L'orthopédiste a besoin des détails de votre histoire pour évaluer votre besoin de chirurgie. Quelles sont vos douleurs? Êtes-vous limité dans vos activités? Lesquelles? Avez-vous des soucis pour le boulot, le sport, les loisirs, et quels sont-ils?

Avez-vous des documents à soumettre?

N'oubliez pas vos radiographies antérieures, les documents pertinents venus d'une autre clinique, d'un autre hôpital.

Un bon examen physique, une analyse de dossier et des radiographies, et voilà!

Poser des questions avant la chirurgie

Le chirurgien doit penser à tout ce que le patient pourrait omettre de lui dire. Il doit scruter, sonder, percer vos soucis: c'est le confesseur de votre corps.

Il ne faut pas hésiter à questionner son chirurgien. Quels sont les risques de la chirurgie envisagée? Quel sera son résultat? Ceci peut faire la différence entre une chirurgie bien réussie et un patient déçu. Souvent la chirurgie est une solution parmi d'autres.

L'orthopédiste doit vous expliquer en termes simples et accessibles les raisons de vos problèmes ou demander d'autres tests (normalement c'est votre médecin de famille, le capitaine du navire, qui aura fait ceci, mais plusieurs n'en n'ont pas.).

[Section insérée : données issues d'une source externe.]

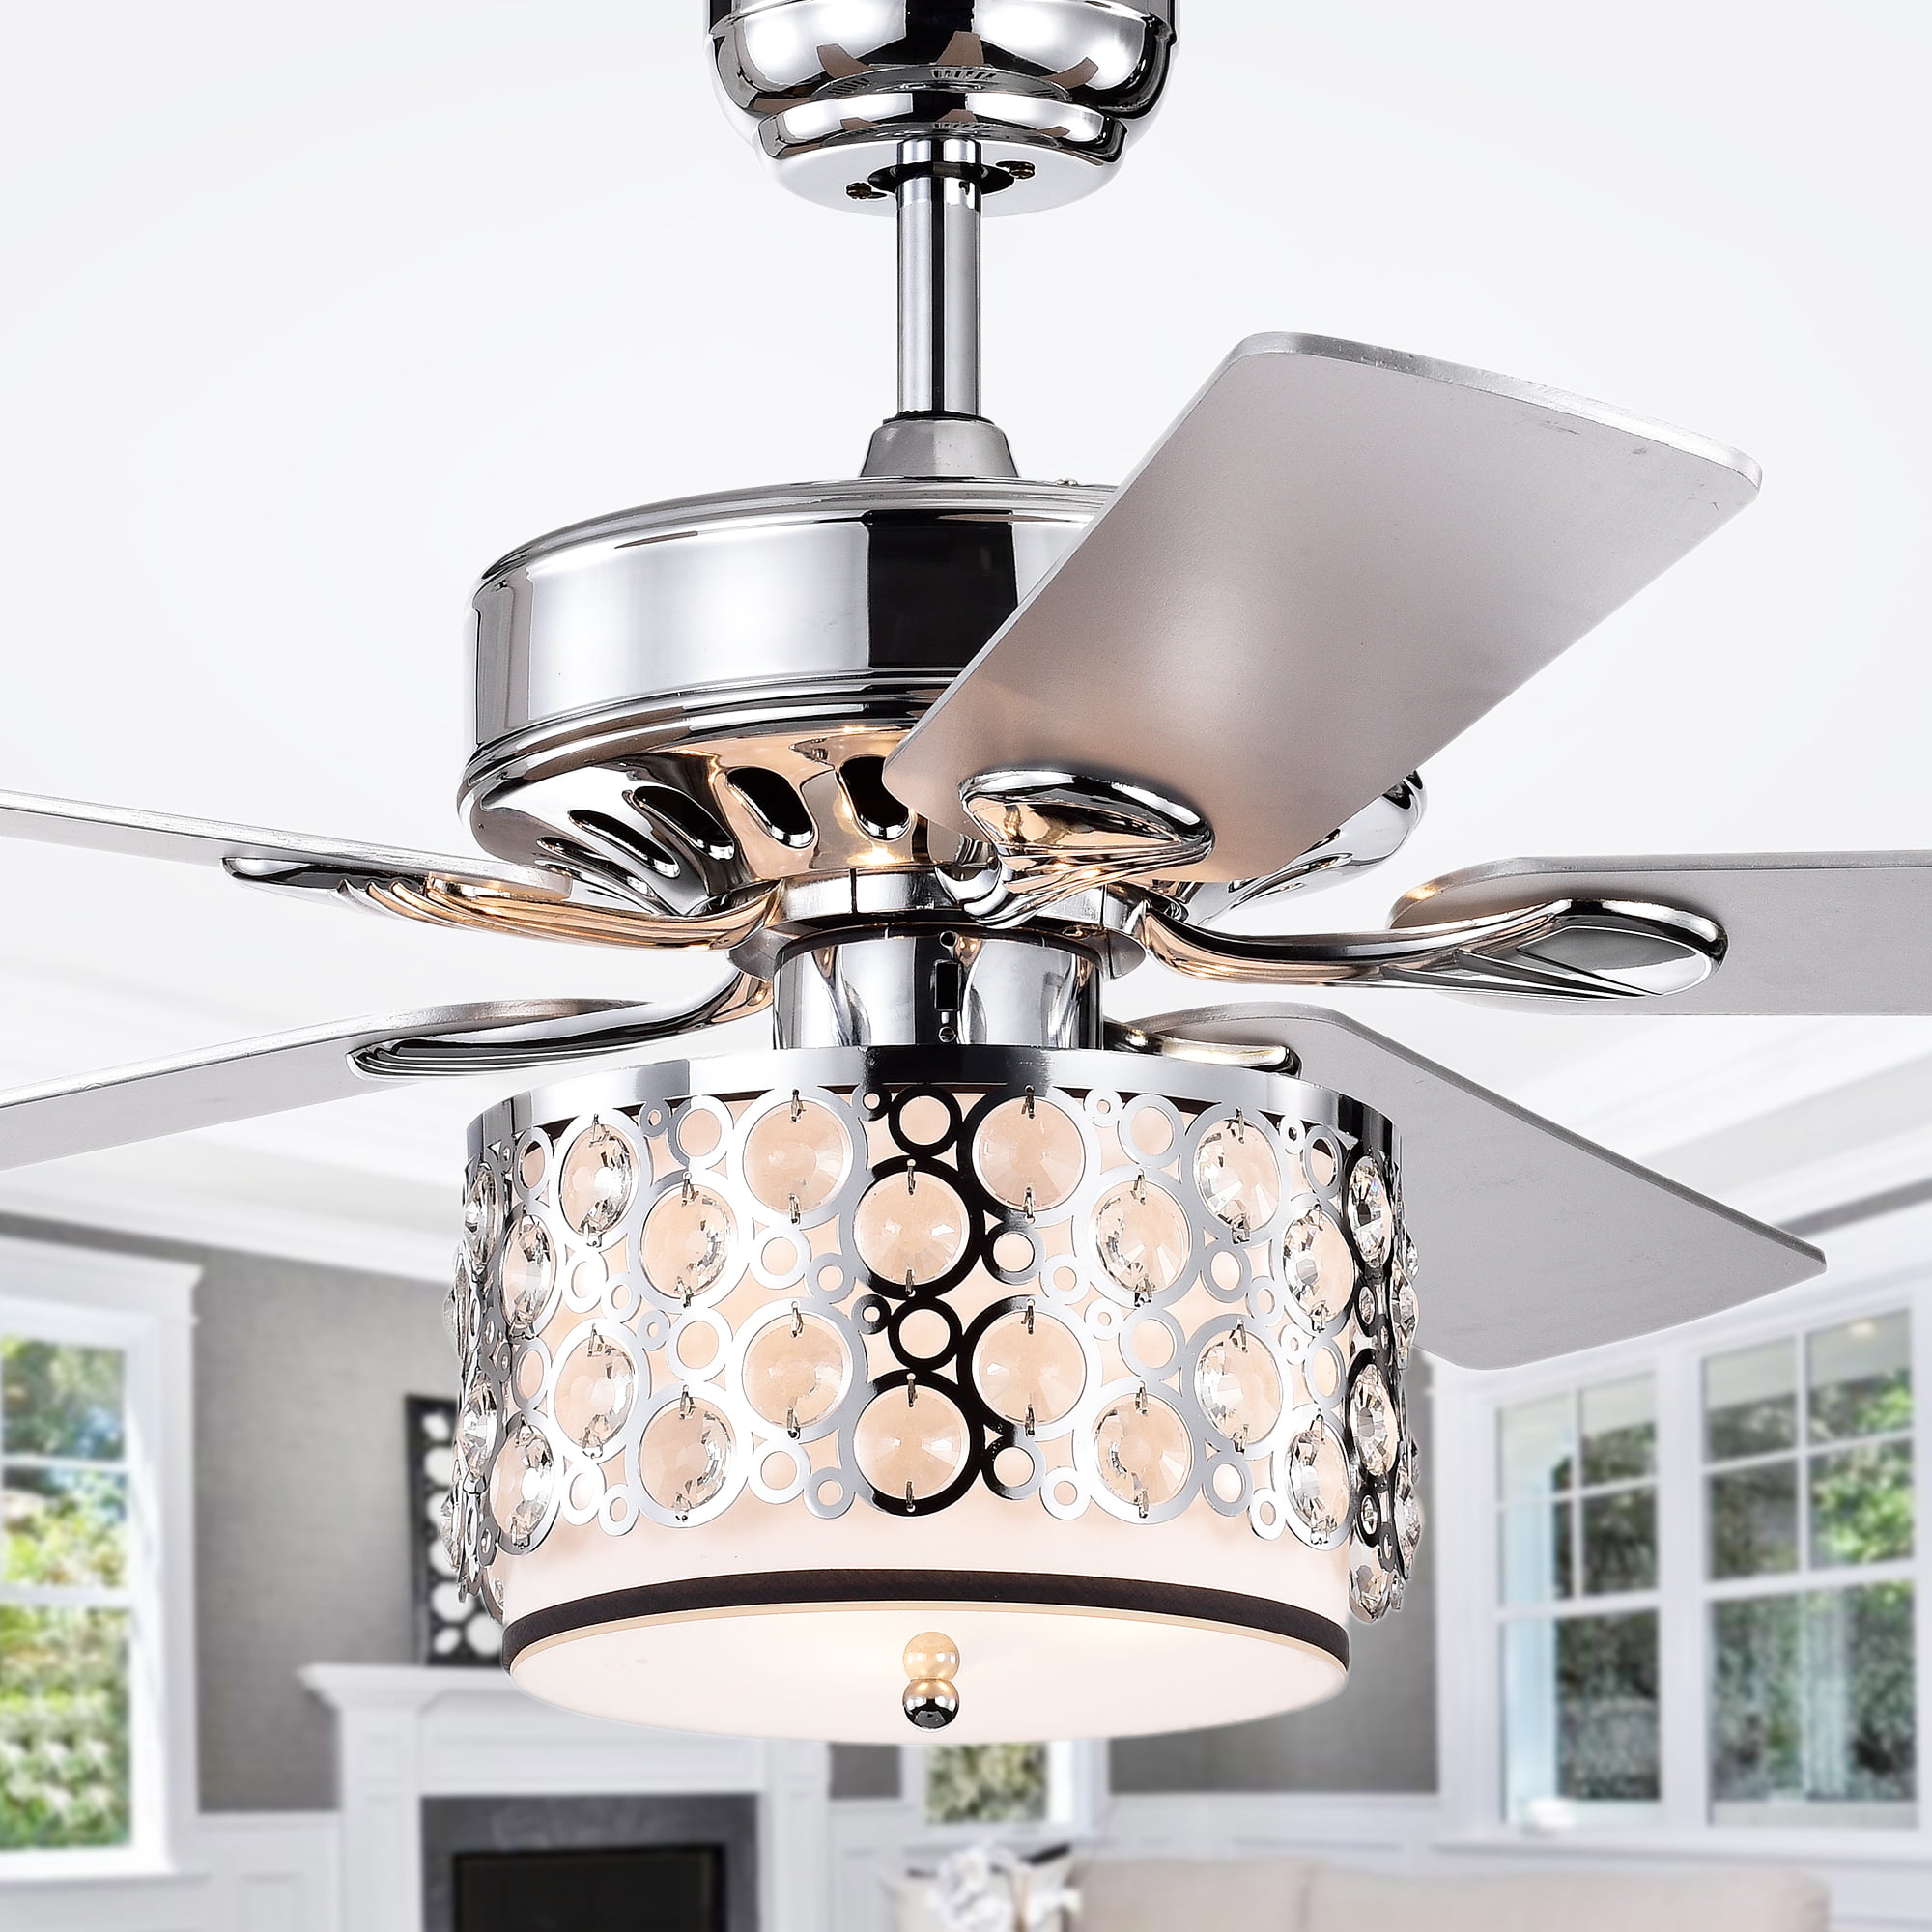 5 Blade Lighted Ceiling Fan With Chrome, 52 In Ceiling Fan With Remote

Cherchez du regard sur les tablettes du chirurgien un module, une articulation en plastique et demandez-lui de vous la montrer et de s'en servir pour vous aider à comprendre. Demander un dessin (c'est ce que le petit prince a fait). Un dessin vaut mille mots, un modèle vaut un livre.

Envisager d'autres solutions que la chirurgie

Ma pratique de la chirurgie m'a amené à développer ma propre approche, que j ¿appelle RATAC: elle consiste à bien informer mes patients des Risques, Avantages, Traitements Alternatifs et Conservateurs des propositions thérapeutiques ou gestes et solutions pour améliorer ou guérir leur problème.

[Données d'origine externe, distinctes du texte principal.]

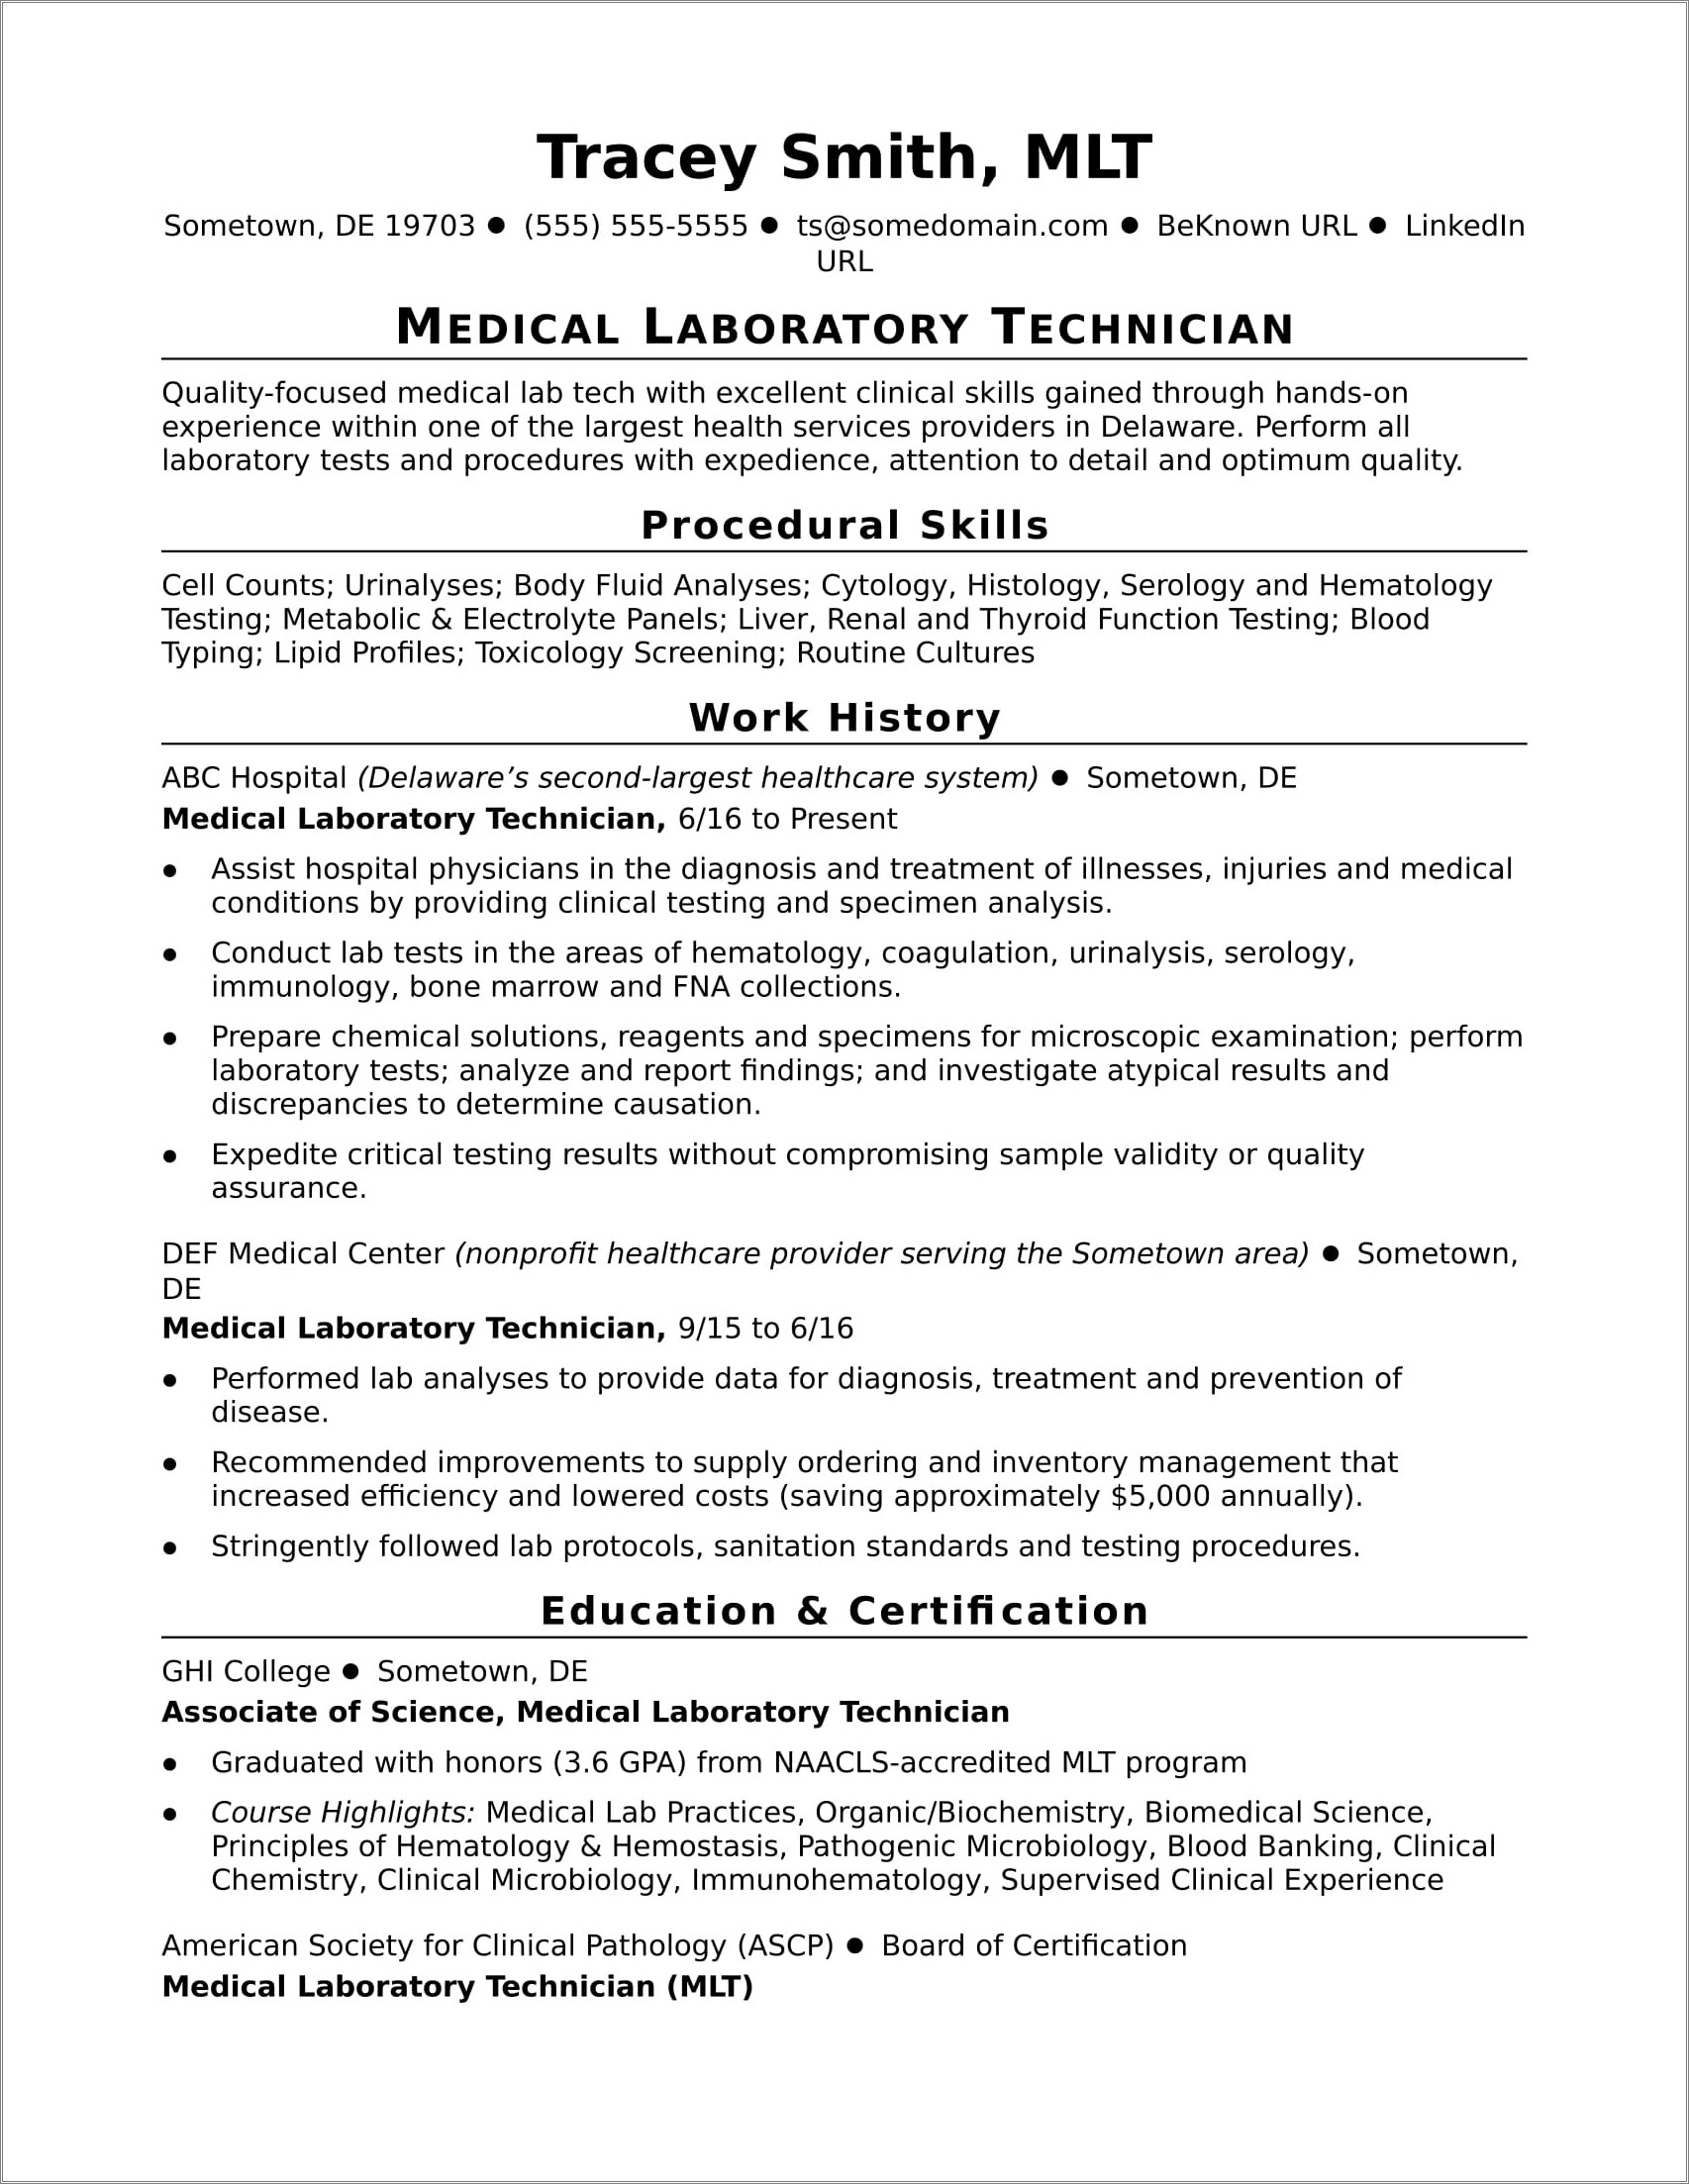 A Resume That Includes Work History And Skills

Sachez qu'un bon chirurgien n'est pas celui qui opère le mieux, c'est celui qui a les meilleurs résultats le plus souvent et les moins bons le plus rarement possible.

C'est celui qui saura déterminer et sentir qui sera le meilleur candidat à la chirurgie ou qui, au contraire, risque de compliquer sa situation sur une table d'opération. Au lieu d'une chirurgie, le chirurgien peut proposer un traitement conservateur. C'est dans ce choix crucial que le bon chirurgien se démarque.

On apprend de nos vieux professeurs que les patients devraient se méfier d'un chirurgien sans liste d'attente, qui dégaine trop rapidement son bistouri, toujours prêt à opérer: un chirurgien ne doit opérer qu'après avoir évalué toutes les autres possibilités.